There are basically 2 grades of on-road diesel...historically #1 and #2. #2 is the the most common variety ...is considered "regular" and generally has a cetane rating (number) of 40 to 43. They do not publish this number at most stations. The highest the cetane number the more desirable the fuel because it has better combustion qualities.

#1 or premium diesel has a cetane rating of 44 to 45. It is lighter and burn more completely than #2 and as such will generally yield better fuel consumption. However it is more expensive. I have personally experienced a 25% increase in fuel mileage using #1 vs #2. So anytime I have the chance to use premium I will as the cost of premium diesel is NOT 25% more than regular.

Kerosene (jet fuel) is for al practical purposes #1 diesel. You can burn it in any variable speed diesel engine with no damage. However it doesn't have quite the lubricity of pump diesel and as such may ( I re-iterate MAY) increase wear on the fuel injectors of any diesel over time. However burning kerosene will not hurt your engine occasionally and you will likely see an increase in fuel mileage like that of #1 pump diesel. The reason I mention this is if in a pinch you need fuel and kerosene is readily available do not hesitate to use it.


----------



## Penguin (Aug 31, 2003)

Max Schnell said:


> Just FYI
> 
> There are basically 2 grades of on-road diesel...historically #1 and #2. #2 is the the most common variety ...is considered "regular" and generally has a cetane rating (number) of 40 to 43. They do not publish this number at most stations. The highest the cetane number the more desirable the fuel because it has better combustion qualities.
> 
> ...


I do not believe all Kerosene is ULSD fuel and, if not, will damage the emissions system. If you do try kerosene, make sure it is Ultra-Low Sulfur.

This is the first time I have ever heard anyone claim #1 diesel provides better MPG than #2... everywhere else the claim is that #2 has higher BTU content and provides better MPG than #1. The information I have seen attributes part of the MPG reduction people in colder climates see with their diesels to the addition/blending of #1 diesel into the #2 diesel to make a "winter diesel" which will not gel or form paraffin crystals/particles and clog the fuel filter.

Do you have any reference or source which supports #1 diesel providing better MPG than #2 diesel?

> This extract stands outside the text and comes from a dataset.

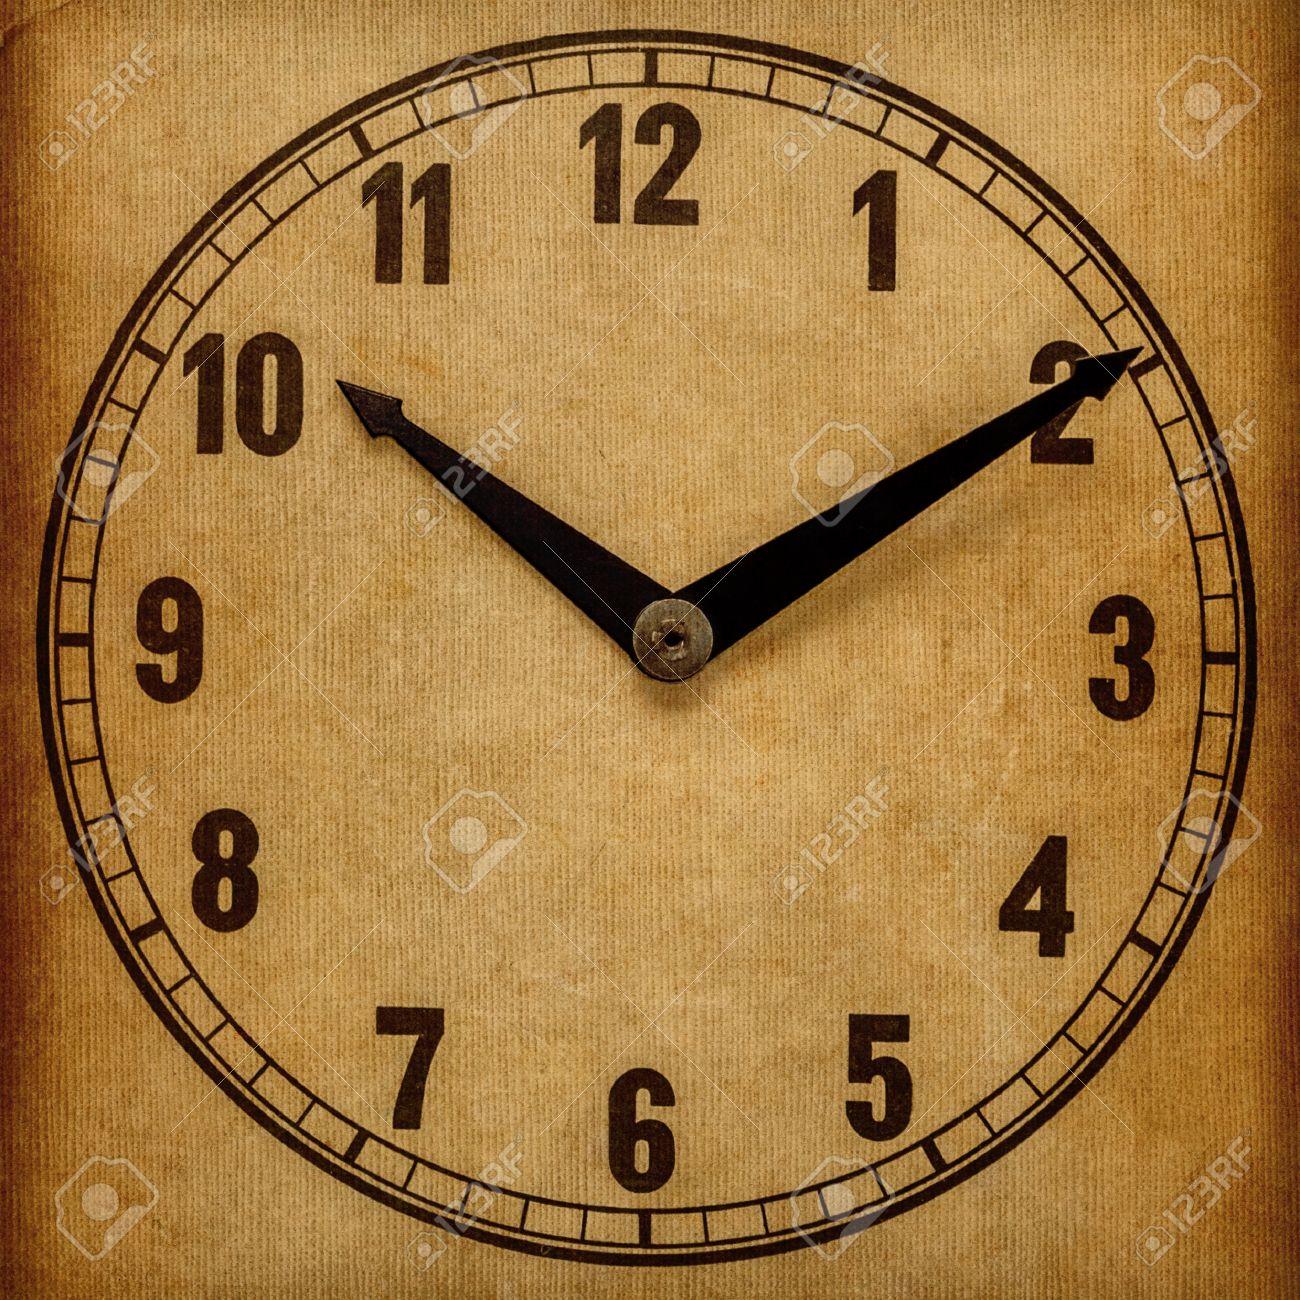 Clock Face Showing 12 O'clock Face Showing 5 O'clock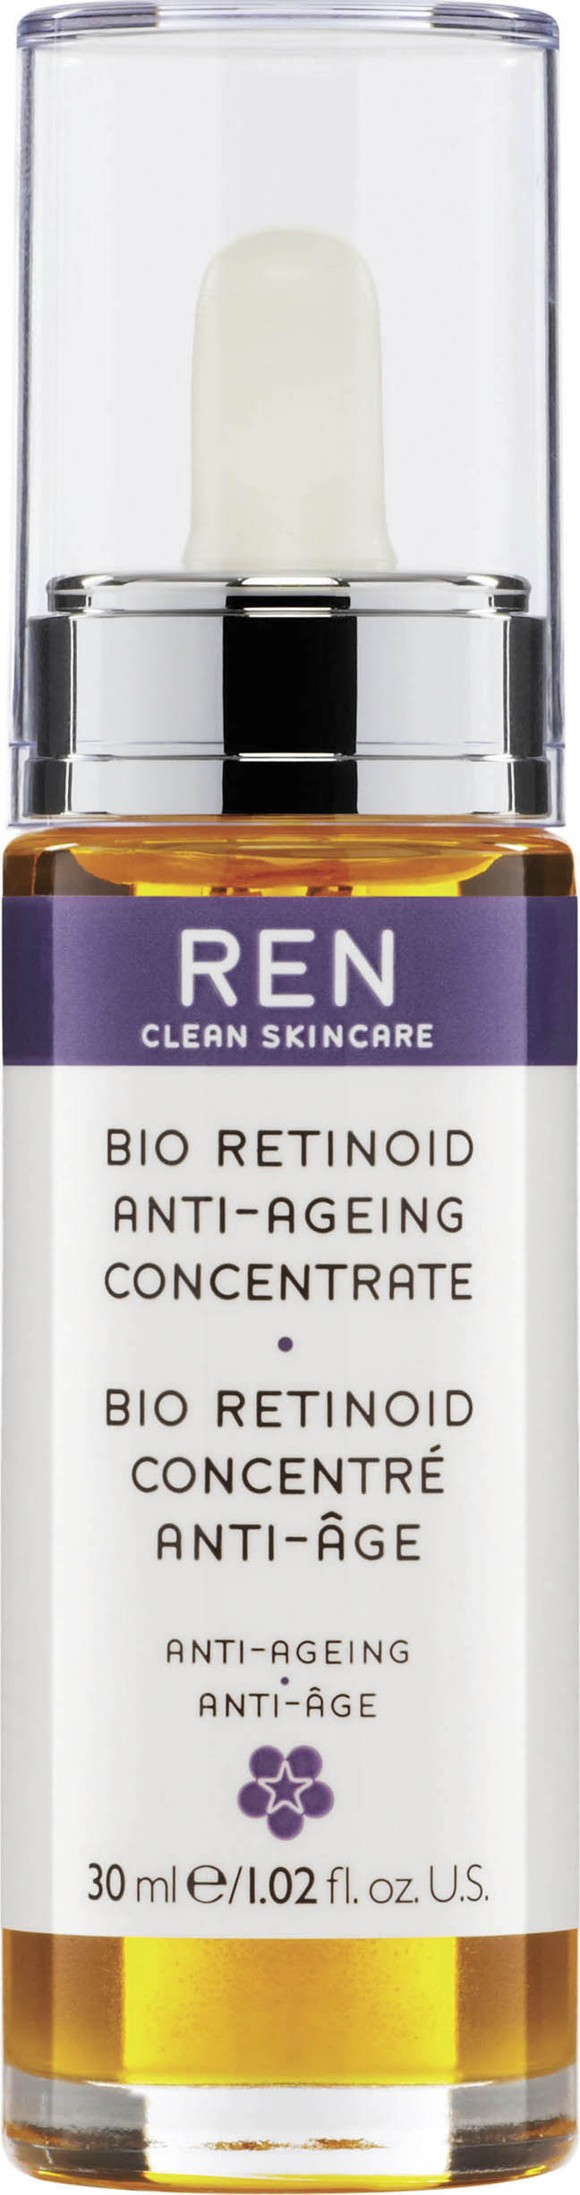 REN - Bio Retinoid Anti-Wrinkle Concentrate Ansigtsoile 30 ml

You may very well be correct; however, this is the first time I have seen such a claim for #1 diesel and I'd be interested in learning more and the reason why.


----------



## 62Lincoln (Sep 26, 2004)

Penguin said:


> I do not believe all Kerosene is ULSD fuel and, if not, will damage the emissions system. If you do try kerosene, make sure it is Ultra-Low Sulfur.


This is critical with our engine's DPF system.


----------



## d geek (Nov 26, 2008)

Max Schnell said:


> ...#1 or premium diesel has a cetane rating of 44 to 45. It is lighter and burn more completely than #2 and as such will generally yield better fuel consumption. However it is more expensive. I have personally experienced a 25% increase in fuel mileage using #1 vs #2. So anytime I have the chance to use premium I will as the cost of premium diesel is NOT 25% more than regular.
> 
> Kerosene (jet fuel) is for al practical purposes #1 diesel. You can burn it in any variable speed diesel engine with no damage. However it doesn't have quite the lubricity of pump diesel and as such may ( I re-iterate MAY) increase wear on the fuel injectors of any diesel over time. However burning kerosene will not hurt your engine occasionally and you will likely see an increase in fuel mileage like that of #1 pump diesel. The reason I mention this is if in a pinch you need fuel and kerosene is readily available do not hesitate to use it.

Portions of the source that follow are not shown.